Chloe was pleased too. In all of her favourite books and films, there were princesses. And she always wanted to be them, though she would never admit this to Hannah. And not weedy, wimpy damsel-in-distress type princesses, but princesses with spark and gusto, who fought too. Warrior princesses. However, she still had some reservations.

“But please, Miss Kath…Miss Katey,” said Chloe politely, still concerned with her original question, “just where is ‘Larakia’?”

“Oh. Sorry, my dear. I was unclear. We are on the other side of the Aythian mountains from Dahma, northeast of Tur and Shaveh.”

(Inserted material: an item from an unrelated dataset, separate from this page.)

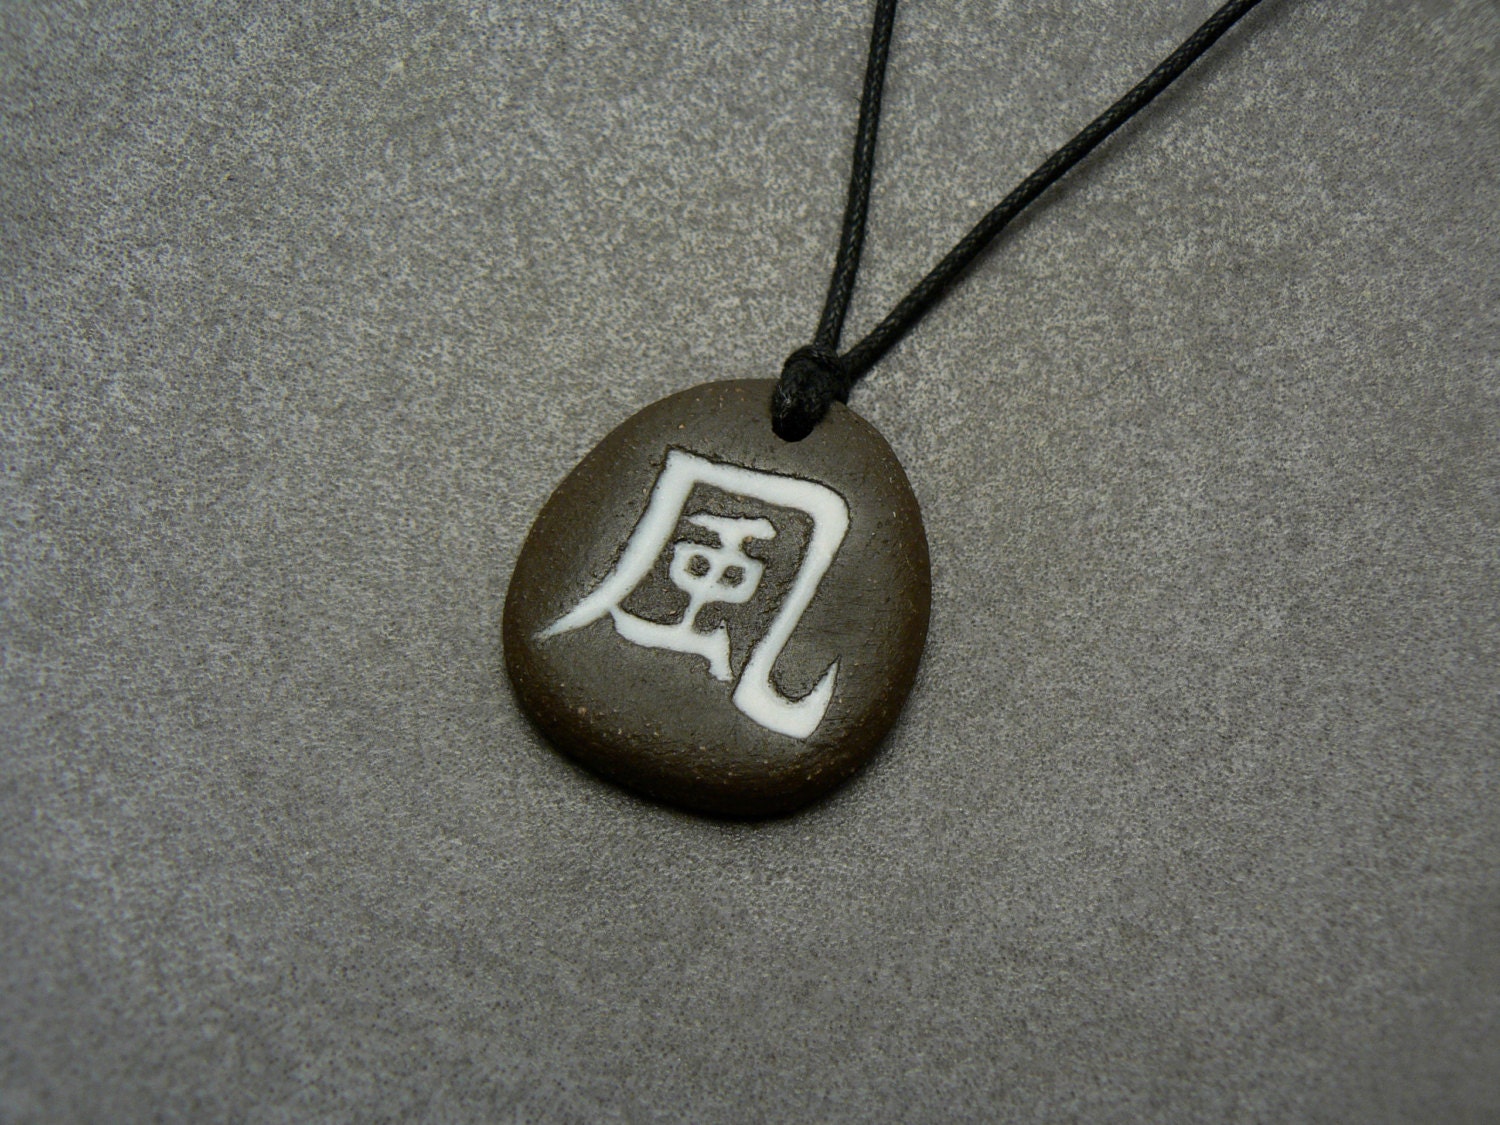 Samurai Japanese Kanji Necklace, Japanese Jewelry, Japanese Gifts, Japanese  Necklace, Gift for Men Women, Mens Necklace, Mens Jewelry Gift

“I’ve never heard of those places before. We came here from a tunnel in Oxford.”

“Oxford? Where is that?”

“Er…England. In Europe.”

“My dear, I have never heard of any of those places either… This is most puzzling. It does trouble me somewhat that you have never heard the name ‘Mashal’ before, let alone ‘Larakia’… But here you both are: two young girls, one with dark hair, one with light, just as Hotzeh said you would be…”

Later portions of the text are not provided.